# Instructions for the task:
Any picture must be dropped, but each line of the data should be duplicated exactly.

# Data block:
---*---
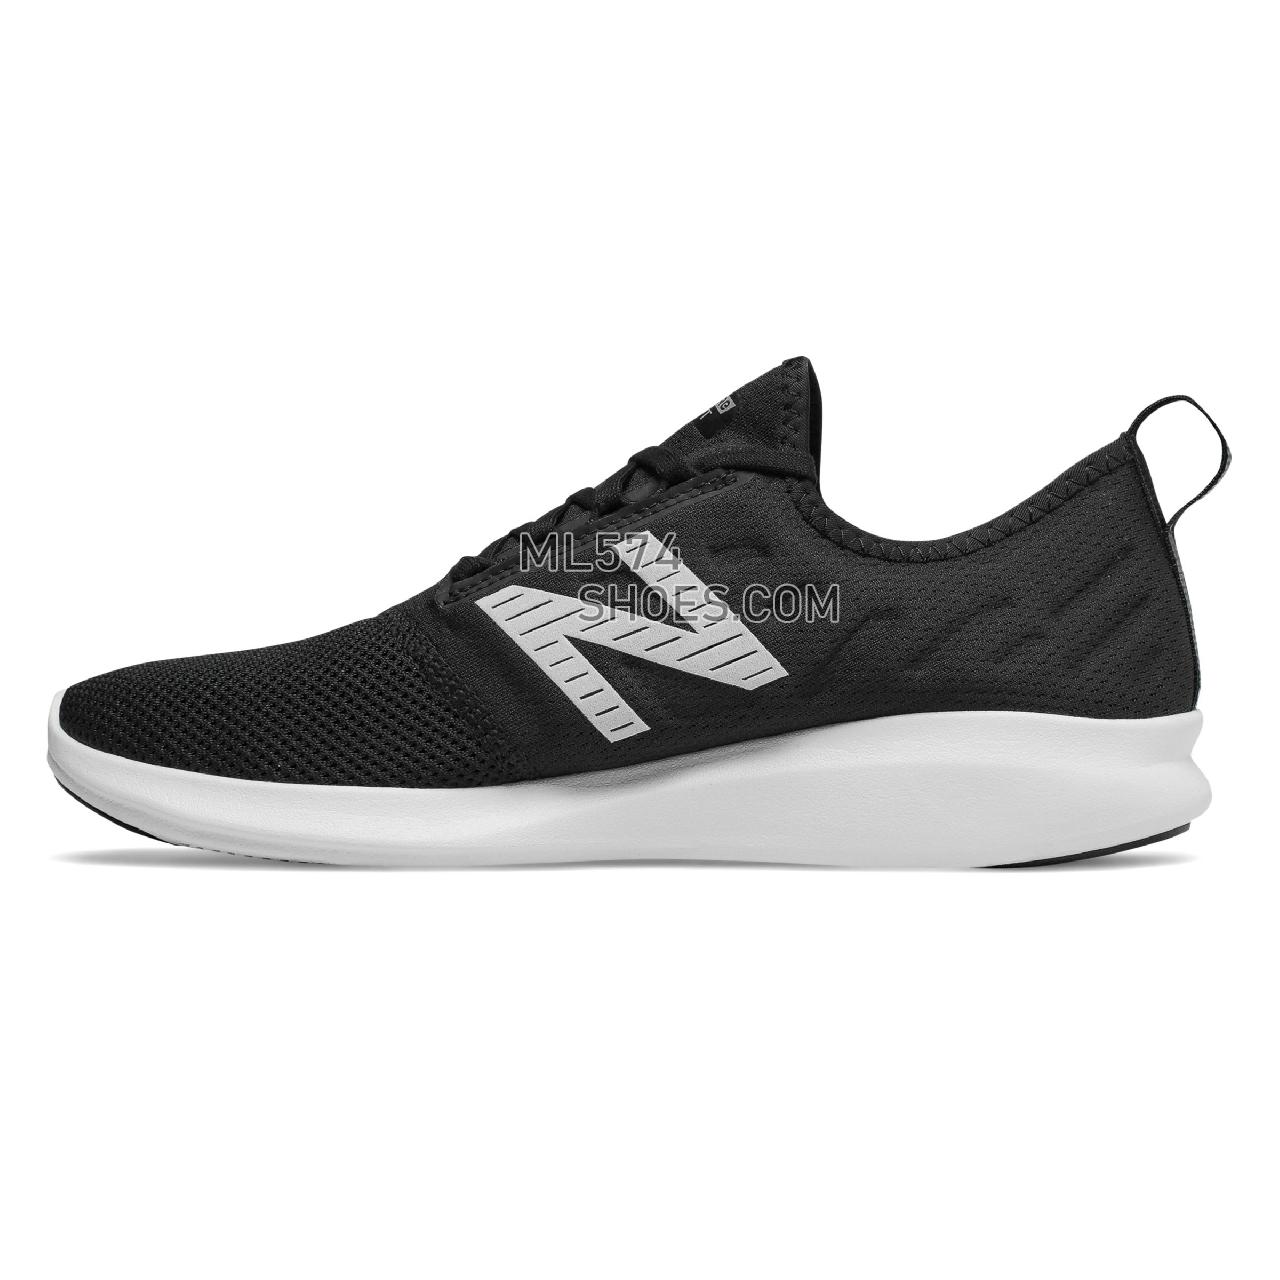 New Balance FuelCore Coast v4 - Men's 4 - Running Black with White - MCSTLLB4
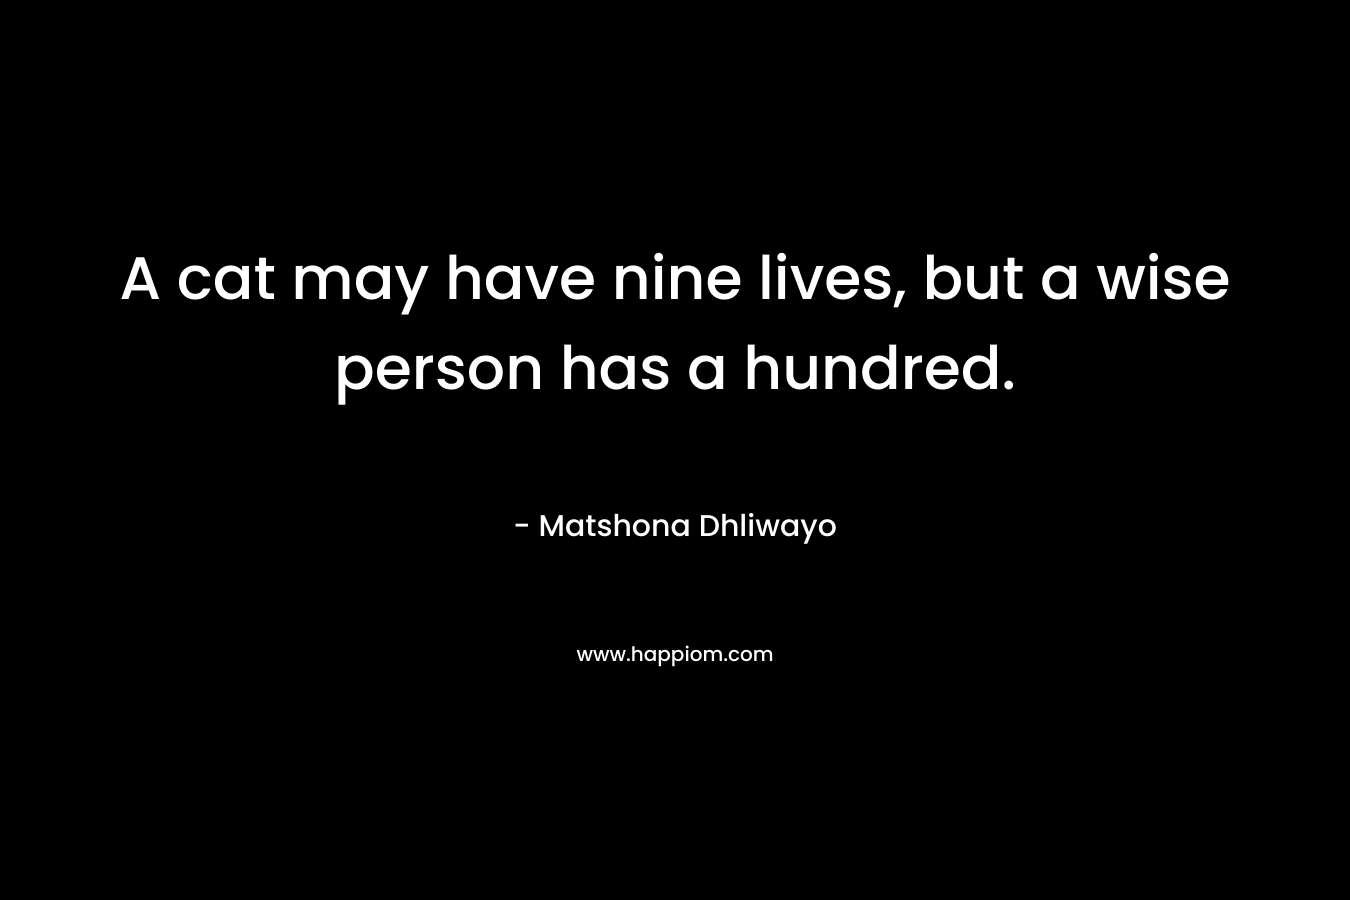 A cat may have nine lives, but a wise person has a hundred.
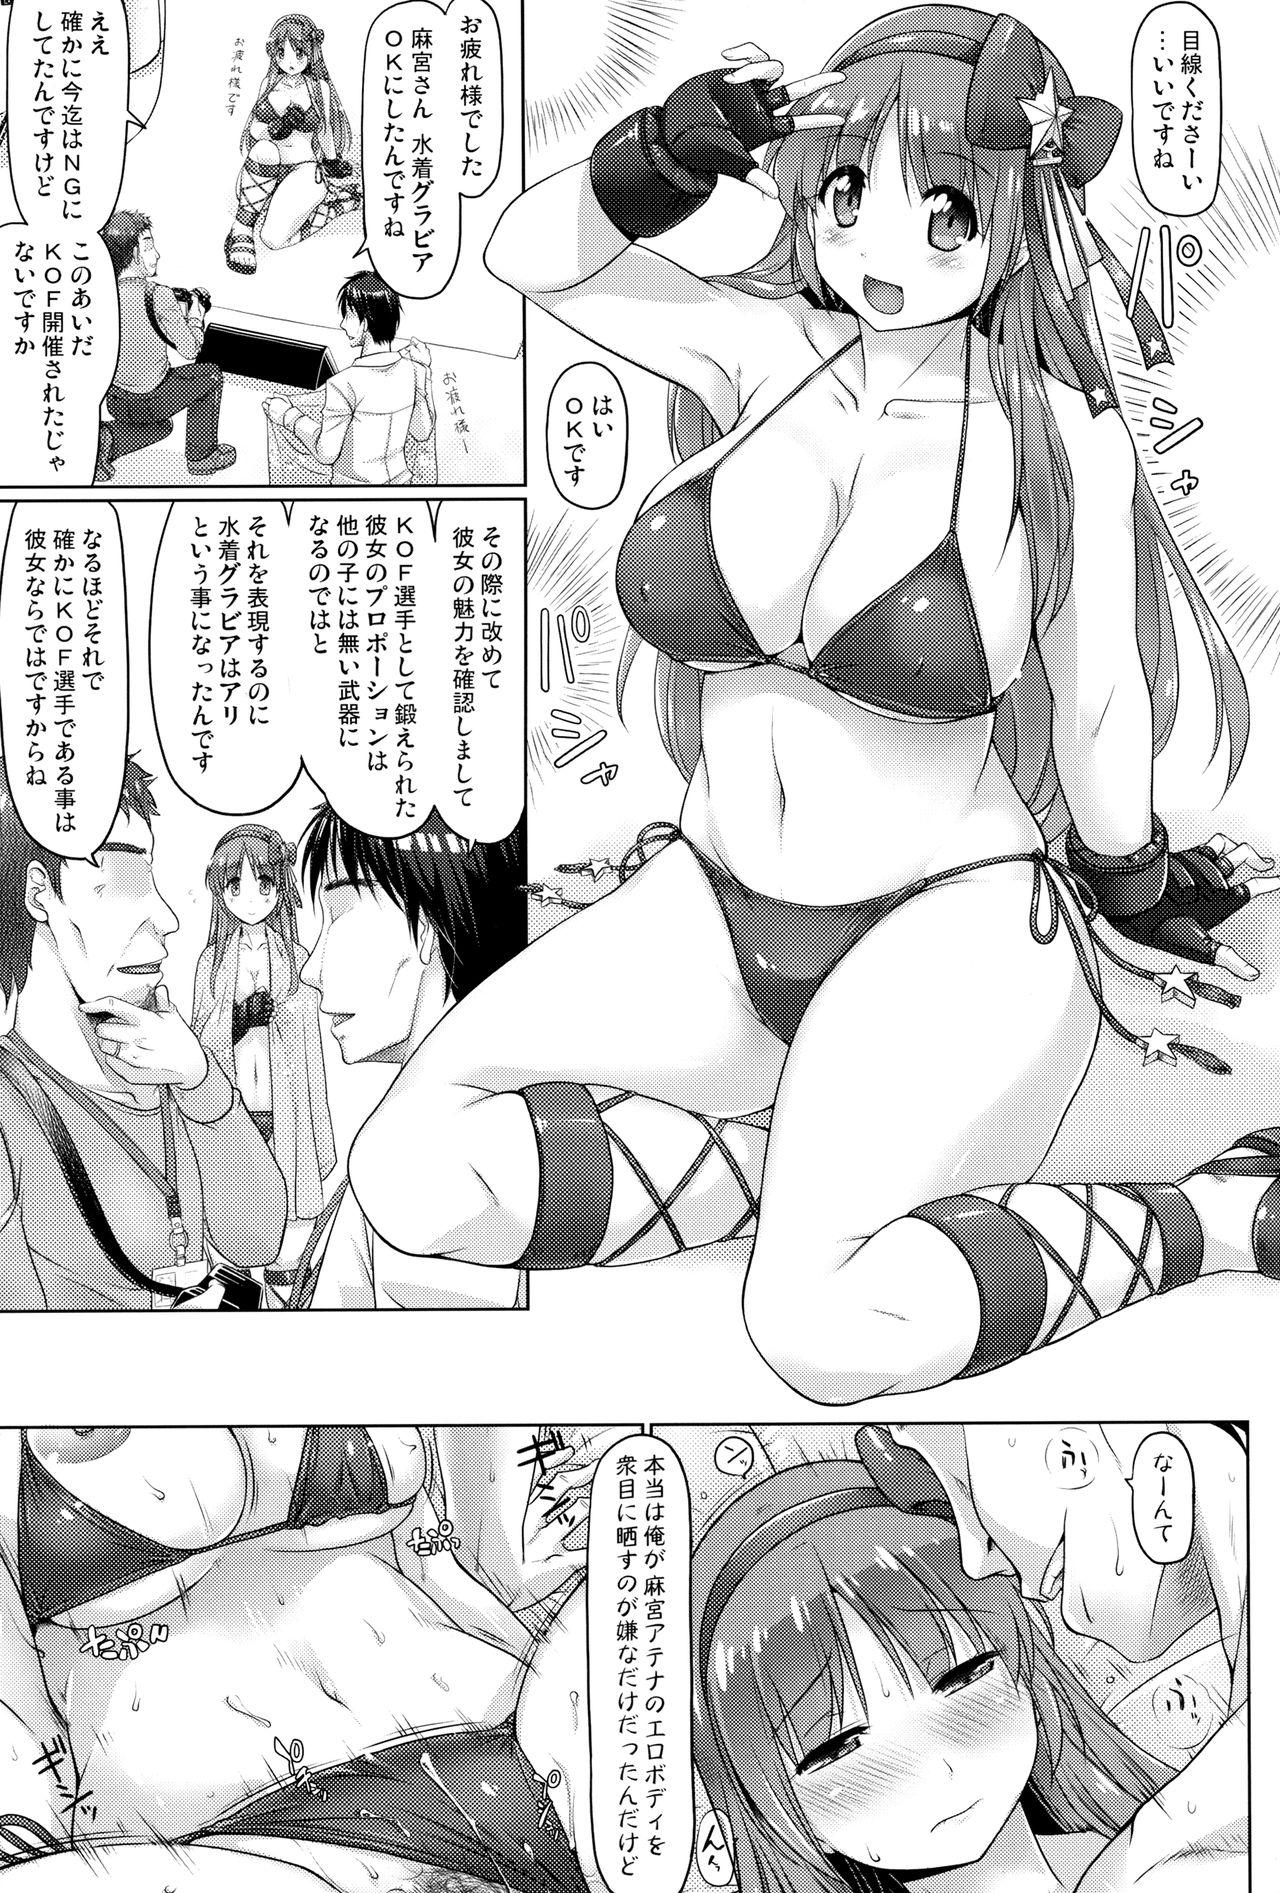 Scissoring RedVibration Asamiya Athena - King of fighters Ejaculation - Page 2
---*---
# Task output:
 New Balance FuelCore Coast v4 - Men's 4 - Running Black with White - MCSTLLB4
 A cat may have nine lives, but a wise person has a hundred.
 Scissoring RedVibration Asamiya Athena - King of fighters Ejaculation - Page 2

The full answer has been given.